Heavy trucks pass through the Chirundu Corridor, one of the major routes connecting Zimbabwe and Zambia in southern Africa. This is a vital transport artery, important for the economies of both countries and their neighbors. It is also a major route for the transmission of HIV.
The mix of long-distance lorry drivers — who go weeks at a time without seeing their families — with widespread poverty existing along the corridor, results in sexual encounters between drivers and women. The risks they take with their health have an impact on the wider community.
But things are changing, in large part due to the recognition that productive work, and with it, economic empowerment, are important weapons in the fight against AIDS.
On one of my field trips to Zimbabwe, I had the chance to meet Barbara, a young woman who lives along the Chirundu Corridor, where she runs a business making doors and windows. Her company prospered after she received training in business management, and she was given access to credit facilities through an HIV project run by the International Labour Organization, the UN agency responsible for setting international labor standards.
The UN estimates that more than half of the 35 million people living with HIV worldwide do not know that they are infected. Many fear being discriminated against if people find out they are HIV-positive.
The project was founded on the recognition that, in addition to traditional prevention strategies, such as condom use, the underlying causes of risky sexual behavior need to be addressed. Additionally, there needs to be widened access to HIV services if the next generation is to be AIDS-free.
Poverty may lead people to become involved in risky sexual behavior. The project, therefore, involves helping vulnerable populations become economically empowered by helping them start businesses. It also provides care services for transport workers and populations operating along the corridor.
Barbara employs 10 men from HIV-affected households. Her business is helping to reduce the economic vulnerability of others in her community.
Many other women living along the Chirundu Corridor have also started or improved their businesses and have become economically independent. Beyond bringing them economic security, significant changes have been noted in the behaviors — and the general welfare — of the project’s beneficiaries. They now have access to better information and HIV services. According to a survey on the impact of the project, small successful businesses are flourishing, children are going to school, mothers are being kept alive and the number of women who have stopped engaging in unprotected sex has risen from 56 to 76 percent.

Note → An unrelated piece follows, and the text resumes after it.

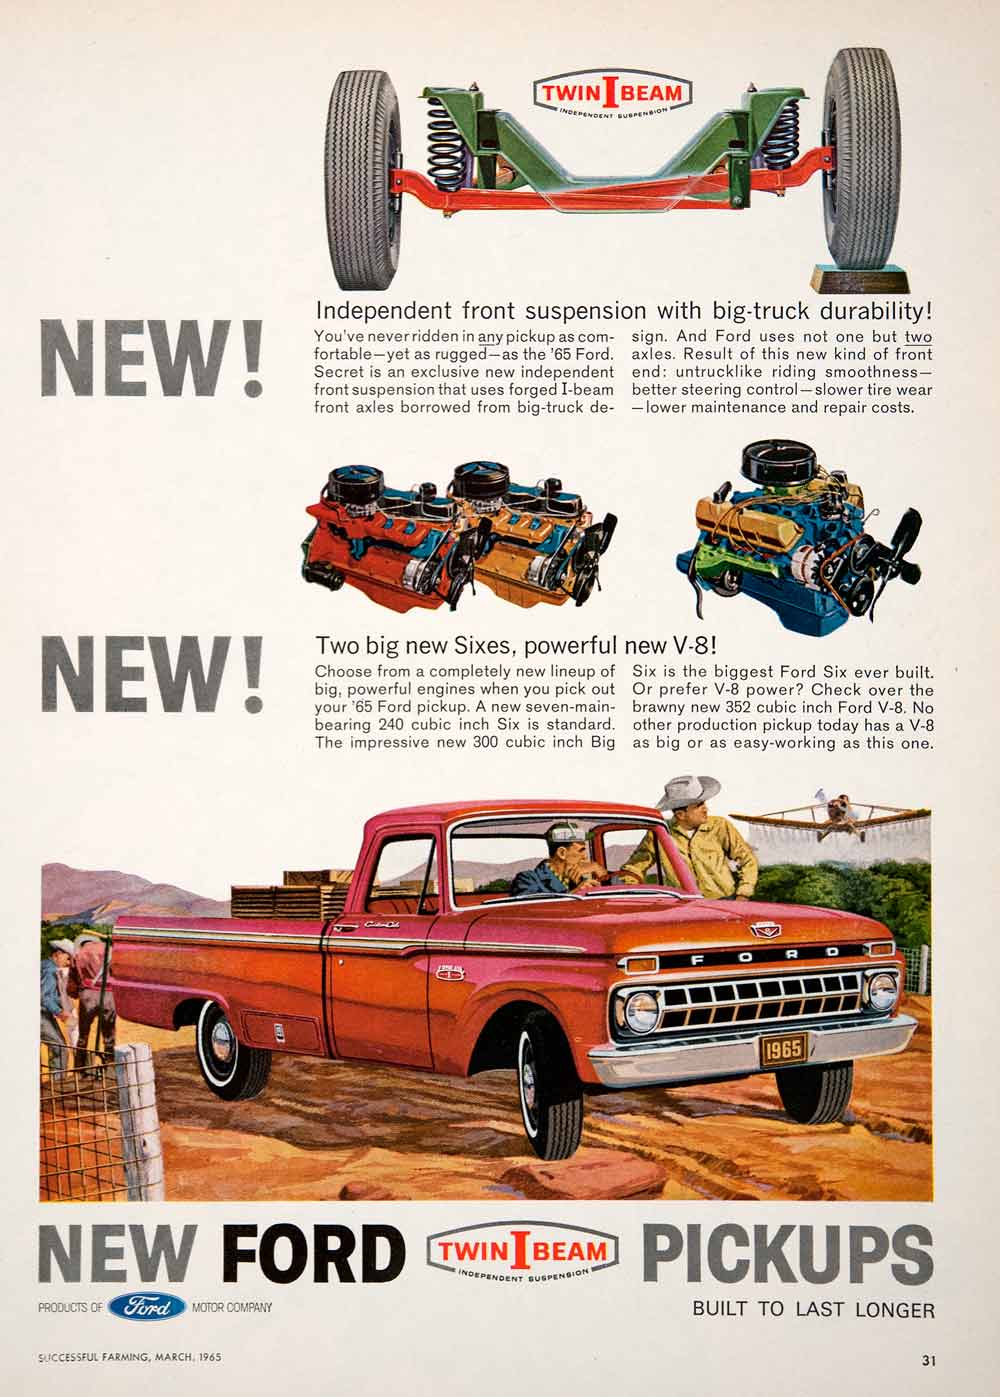 1965 Ad Ford Twin-I-Beam Pickup Truck Independent Suspension Aircraft Farm SF3

However, results like these can only be reached if stigma and discrimination in employment, education, health care and other settings are tackled at the same time.
Discrimination against people living with HIV is not an issue that exists only in southern Africa. We see it worldwide, in both developed and developing countries. In many instances, people lose their jobs because of it. This, in turn, makes them and their families more vulnerable.
The UN estimates that more than half of the 35 million people living with HIV worldwide do not know that they are infected. Many are afraid of getting tested because they fear being discriminated against if people find out they are HIV-positive. As a result, too many people are not seeking the treatment they need, and they risk passing the virus on to others.
The vast majority — over 90 percent — of those who are living with or are affected by HIV, either work for a living, or have links to the workplace. Through the workplace, we can reach these people, their families and communities with HIV-related information, treatment, care and support services. In the same way, the impact of efforts to eliminate HIV-related discrimination in the workplace environment will have a ripple effect beyond the workplace that will affect larger society. The fact that Barbara employs HIV-positive men in her business not only provides them with vital income, which will help make their families less vulnerable, but it also sends a powerful message to her community that people with HIV should not be discriminated against.
The UN has set 2030 as a goal for ending the AIDS epidemic. Seeing how people’s lives are changing in the Chirundu Corridor makes me believe that the goal can be reached if we include the workplace as an essential component of that vision.